2. Variance of MR estimator: I used the closed the closed form variance estimator for the Chapman abundance estimate. The mrds estimate of standard error of abundance in the surveyed area was very close to the closed form estimate, but assumabley is based on the Horvitz-Thompson variance estimator. That said, the standard error estimated by mrds::ddf and mrds::dht differ, and this is a difference I do not yet understand. Standard error reported by mrds::ddf for N in the covered area was 11.6457 while standard error for the same quantity reported by mrds::dht was 13.5204. It is interesting to note that this is not an effect of the two sub-regions. When I eliminate sub-regions, mrds::dht still increase its estimate of standard error relative to mrds::ddf. In a subsequent post, I will dive into the H-T variance estimator and hopefully figure this out.

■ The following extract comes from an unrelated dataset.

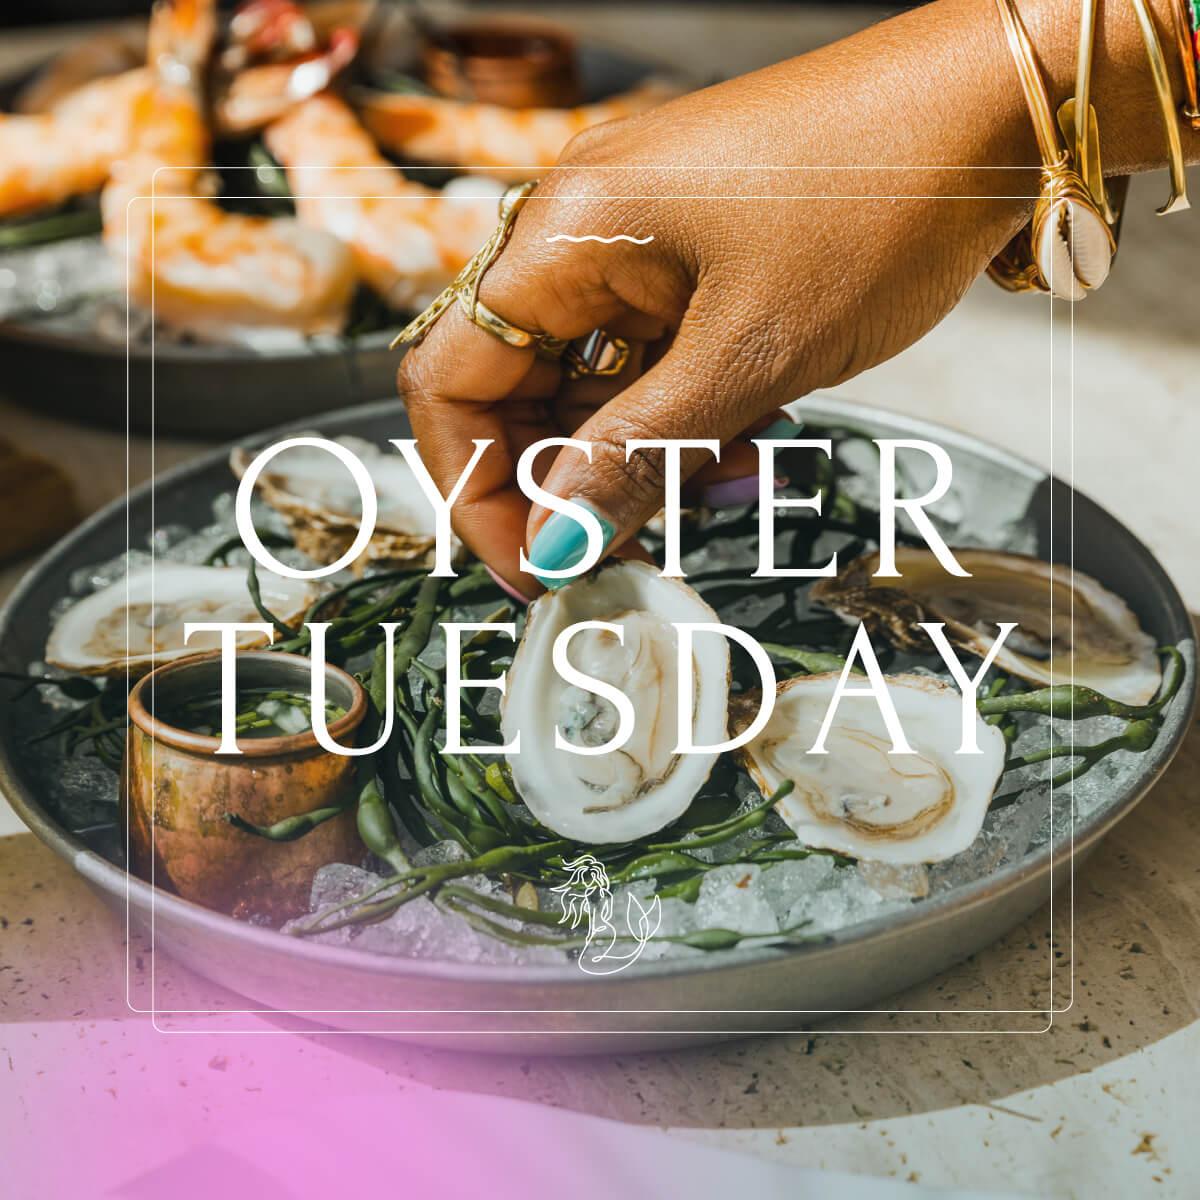 Join Rooftop L.O.A. for Oyster Tuesday!

3. Variance of Study Area Abundance: I used the variance of a product formula to compute standard error of the study area’s total abundance. I assume mrds::dht uses one of the H-T variance estimators to arrive at a slightly higher value for standard error.
4. Confidence Interval on Abundance: I used the standard normal assumption and computed 95% confidence intervals using the $$\pm 1.96(se)$$ method. mrds::dht apparently uses a variance estimator that yields an asymmetric confidence interval.